I have about 6 month's worth of data in a summary index that is hourly filecounts and volume for ftp servers. I am trying to generate an alert when any server exceeds its average (for the day of the week) filecount or average volume by +/- 25%.

So far I have the search below and then make a custom condition to check if the current count(or volume) is > the high or < the low. It works for a single server (there could be 100's) and always compares today's data against the Monday's in the past 30 days.
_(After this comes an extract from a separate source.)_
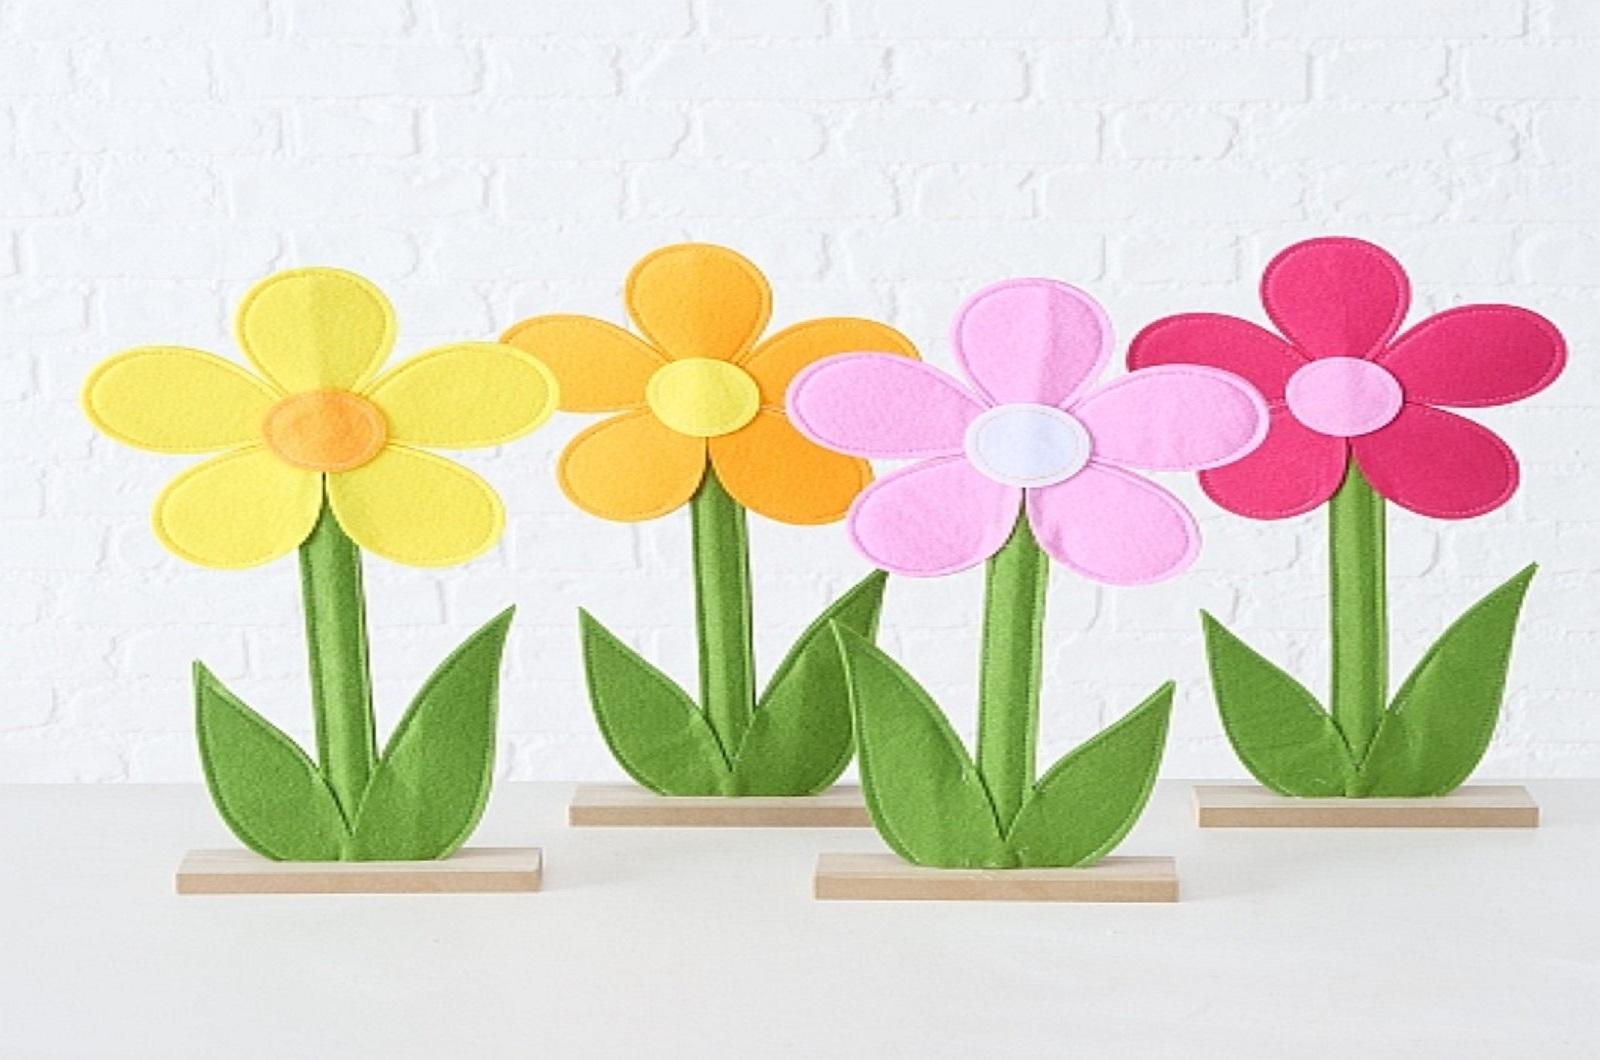 Blume Dekoaufsteller Larina 4 Ausfürungen Stückpreis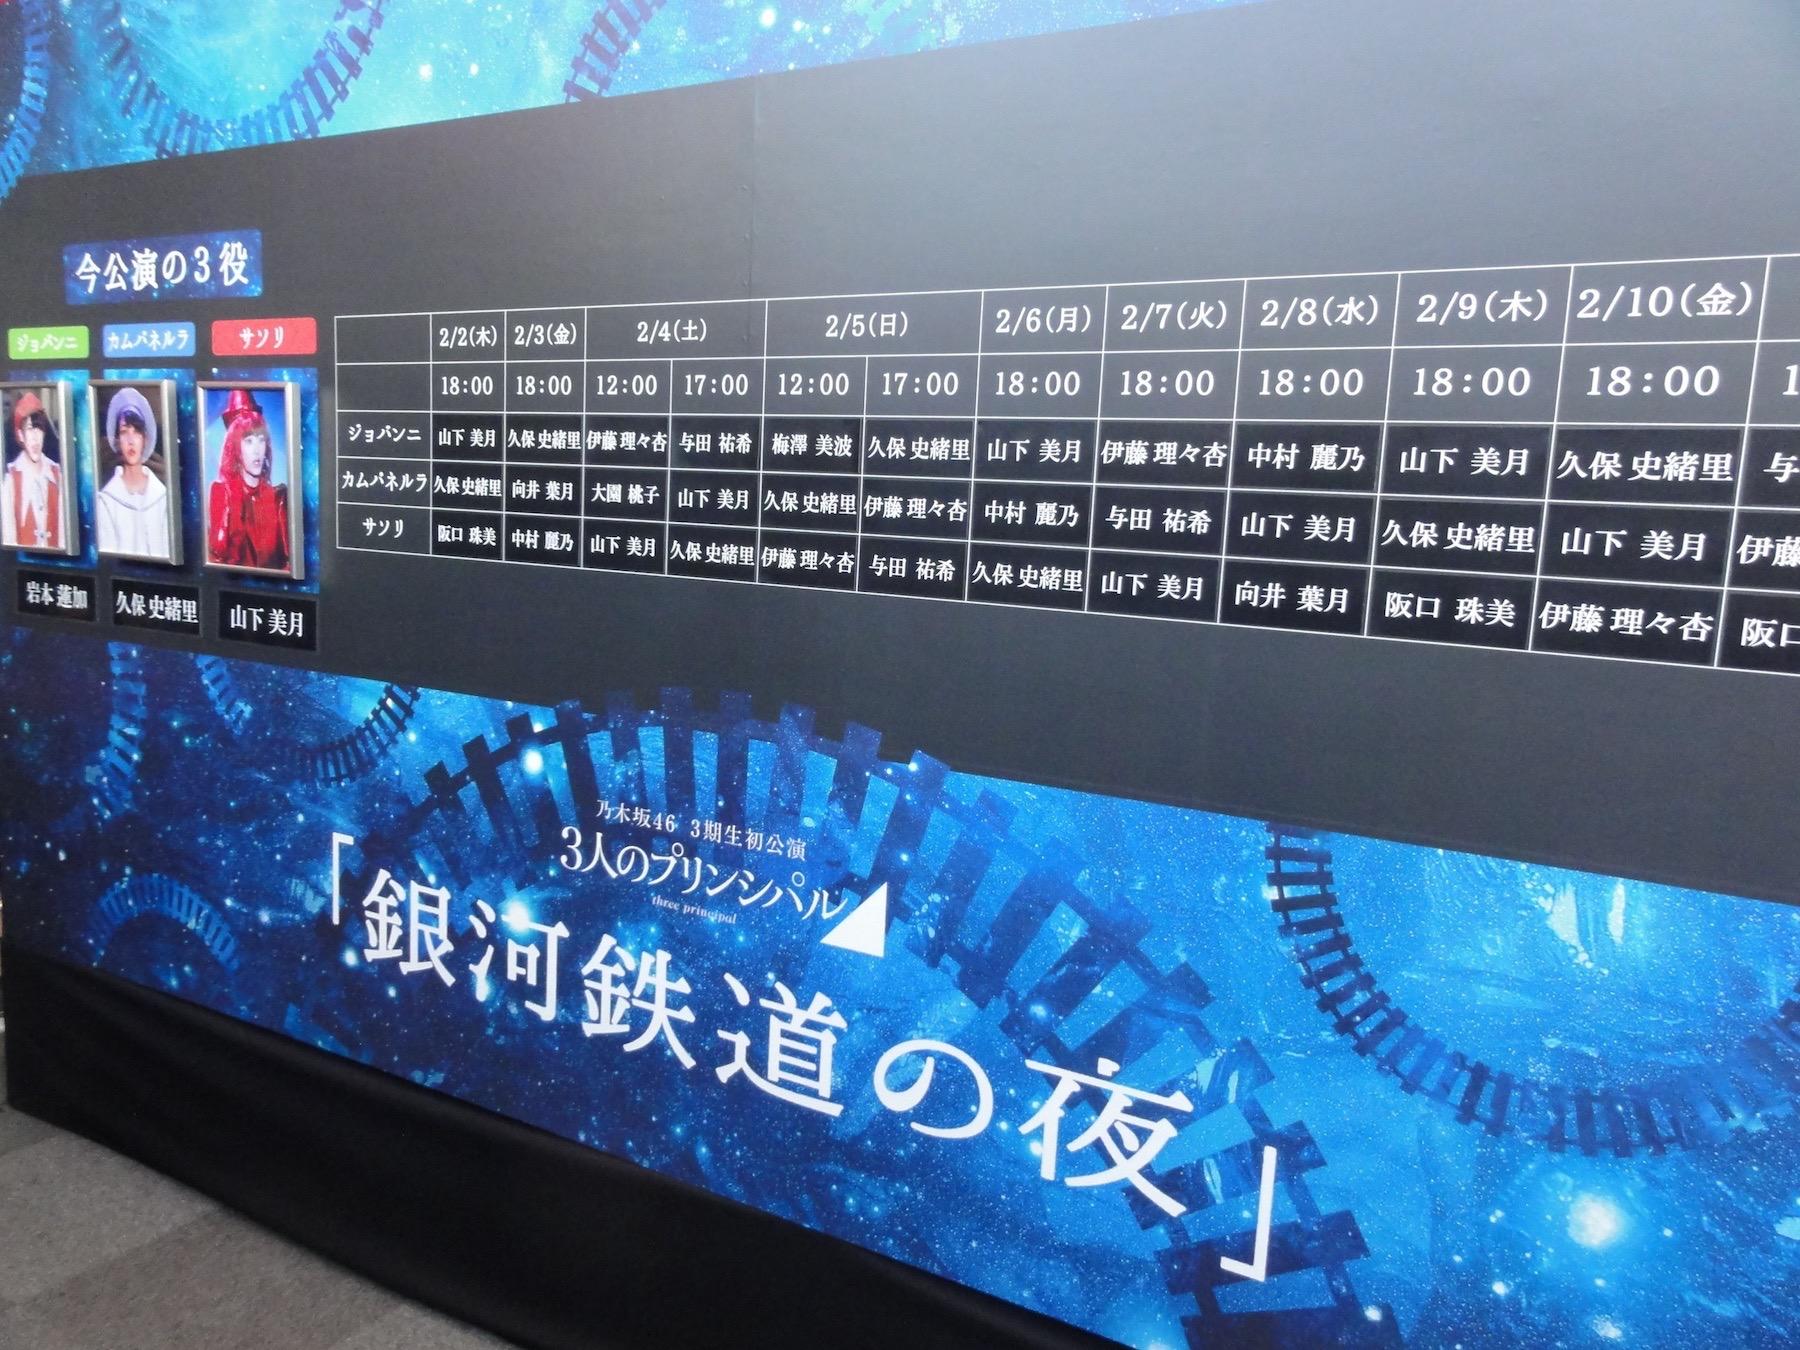 乃木坂散歩道・第214回「乃木坂クライシス・3人のプリンシパル」

index=si-br server=foo earliest=-30d@d latest=-0d@d 
    | stats count as count sum(filesize) as volume by  server,location,_time 
    | bin _time span=1d 
    | stats sum(volume) as volume sum(count) as count by _time
    | where strftime(_time, "%w") == "1"
    | stats avg(count) as avgcount avg(volume) as avgvolume
    | appendcols [
        search index=br earliest=-0d@d latest=now server=foo  
          | stats count as count sum(filesize) as volume 
          | eval highcount=avgcount*1.25 
          | eval lowcount=avgcount*.75 
          | eval highvol=avgvolume*1.25 
          | eval lowvol=avgvolume*.75
      ]

My questions to you:

  1. How do I make the day of the week dynamic? (if today is Tueday, I want to compare strftime(_time,"%w") == "2", but if it is Friday, I want strftime(_time,"%w") == "5". I suppose I could make 7 clones of the alert, change the day of week and schedule to run once a week on the correct day. Is there another way?
  2. How can I exclude any "abnormal" counts/volumes from the calculation of the average. Say the 2nd Monday of the month had a 30% spike in volume that I do not what considered part of the average.
  3. How do I scale this out for potentially 100's of servers? Do I have to create a different alert for each server?
  4. Is it possible to use a lookup table to use a different threshold for each server ( 25% for some, 50% for others...)
0 Karma
1 Solution

aljohnson_splun
Splunk Employee
Splunk Employee

How do I make the day of the week dynamic? Is there another way?

Yes, you can use eventstats instead of stats and use a by clause of a weekday field that you extract using strftime, similar to your where clause. Also, I don't think you need the first stats before the bin.

index=si-br server=foo earliest=-30d@d latest=-0d@d 
| bin _time span=1d 
| eval weekday = strftime(_time, "%A") 
| stats sum(filesize) as volume, count as count by _time, weekday 
| eventstats avg(count) as avg_count avg(volume) as avg_volume by weekday 
| eval highcount = avg_count * 1.25 
| eval lowcount = avg_count * .75 
| eval highvol = avg_volume * 1.25 
| eval lowvol = avg_volume * .75 
| appendcols
    [ search index=br earliest=-0d@d latest=now server=foo
    | eval sub_weekday = strftime(_time, "%A") 
    | stats count as count sum(filesize) as volume ]
| where sub_weekday == weekday AND (volume > highvol) OR (count > high count)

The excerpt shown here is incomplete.